和声の基礎 10 - 減三和音の転回形

和声の基礎 10 - 減三和音の転回形
減三和音では、基本形よりは第一転回形の方が使い勝手が良い。というのは、減三和音は第一
転回形において、上二声部がバスに対して三度と六度となり、実質的に協和音として扱えるため
である。
減三和音の基本形では、和声第一音と第五音が減五音程となるので不協和音である。また、減
三和音の第二転回形は著しく耳障りな響きになるため、ほとんど使われない。
減三和音の第一転回形を用いる場合には、(1) 次に I が来る場合と、(2) 次の I 以外が来る場合
とを区別する必要がある。I が来る場合、典型的には減三和音として VII の和音を考えれば良い。

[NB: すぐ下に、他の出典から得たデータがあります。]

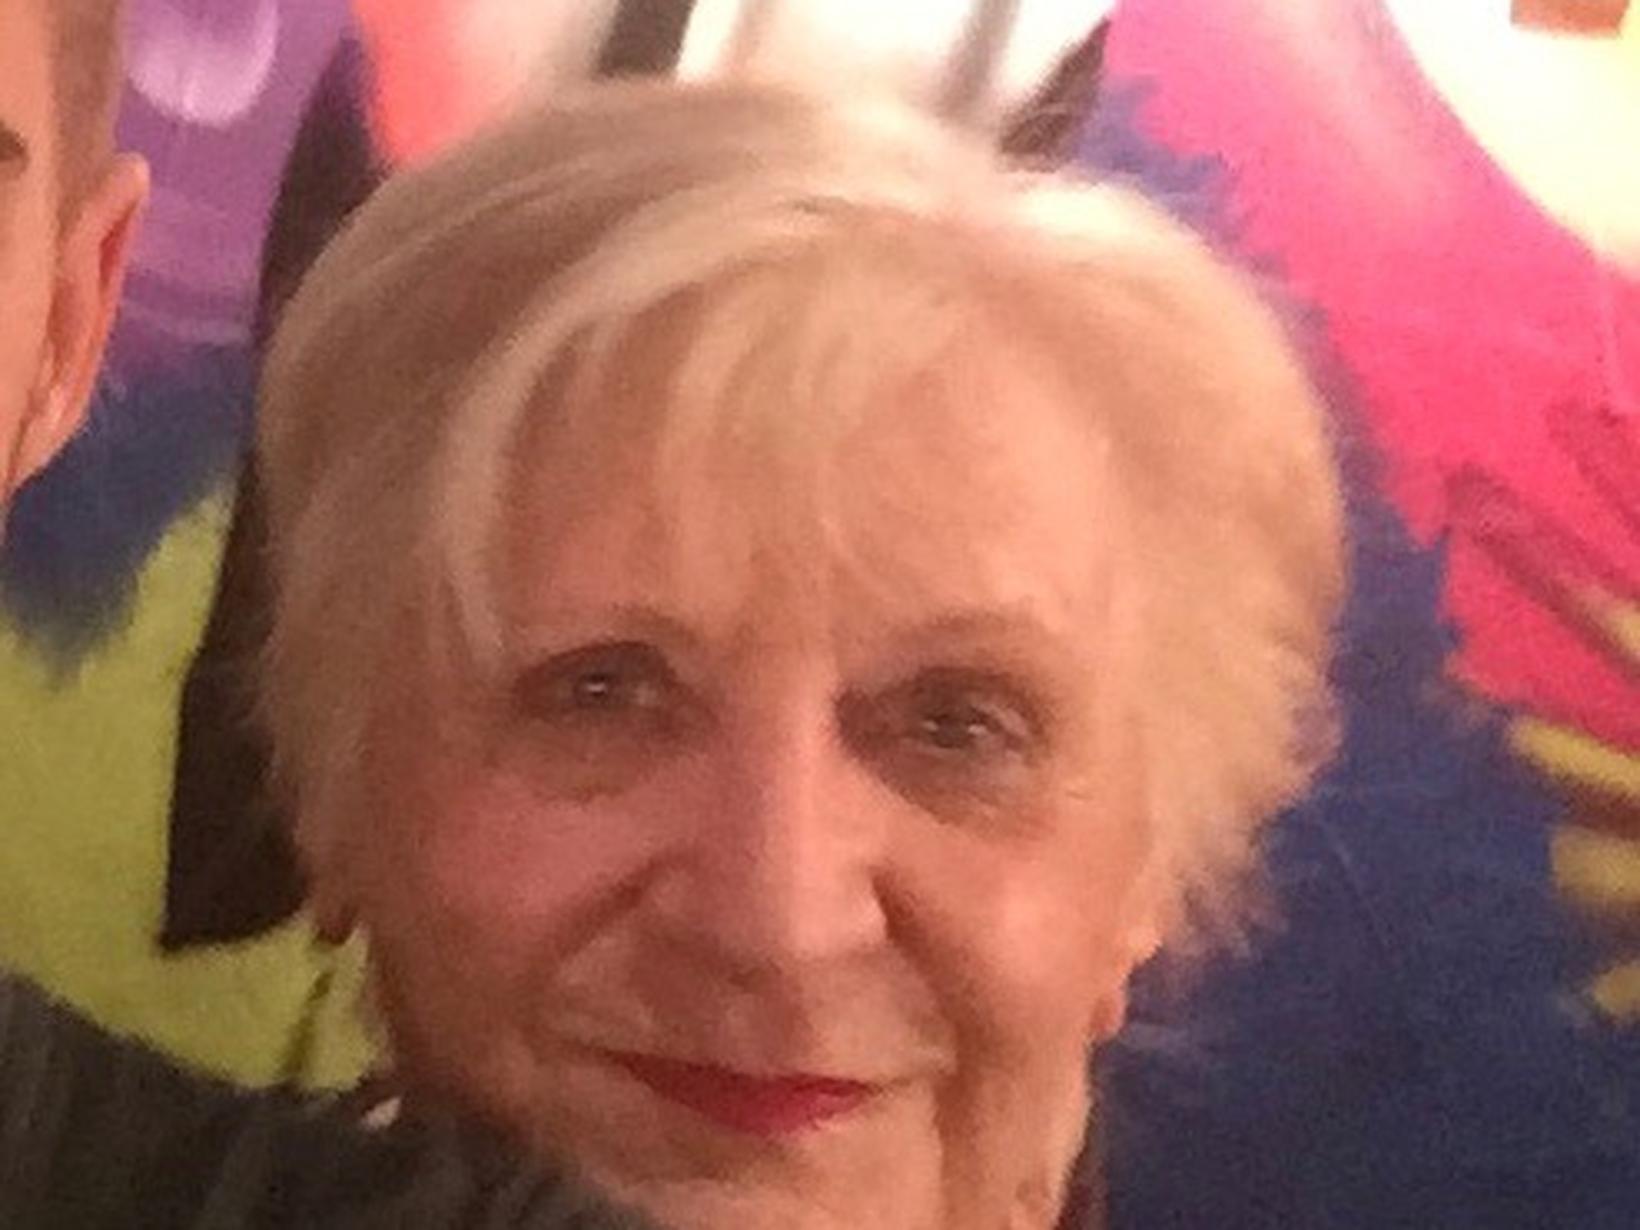 Margaret from Macedon, Victoria, Australia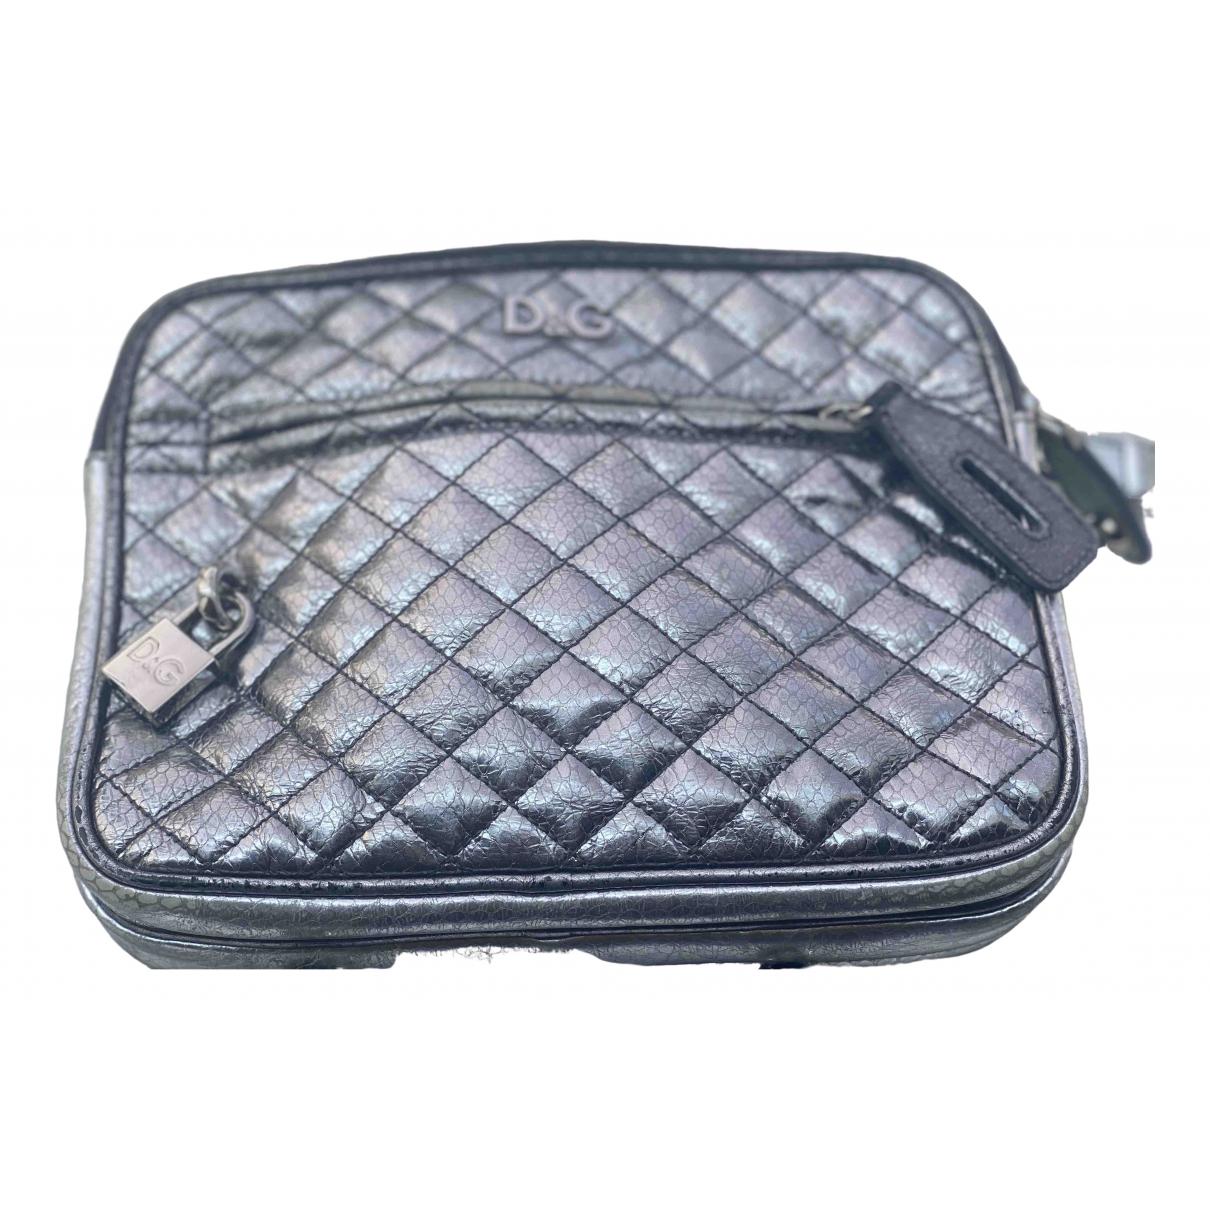 Dolce & Gabbana \N Silver Leather handbag for Women \N

このとき VII は導音であるから、重複させたはならない。すなわち、このような減三和音では根
音の重複に注意する必要がある。(第五音の重複は普通である。第三音の重複もあり得る。)
ここで、導音は必ず主音へ解決するから上行進行である。このため平行五度の禁則を保つには、
減三和音の和音第五音は上行進行してはならないことに注意すること。
長調における VII に加えて短調における II も減三和音となるが、連結における注意事項は同じ
である。
減三和音は非常に多く I に連結されるのであるが、先に(2)とした I 以外の和音が連結する場合
もある。この場合、根音は導音ではない為、重複させても大丈夫である。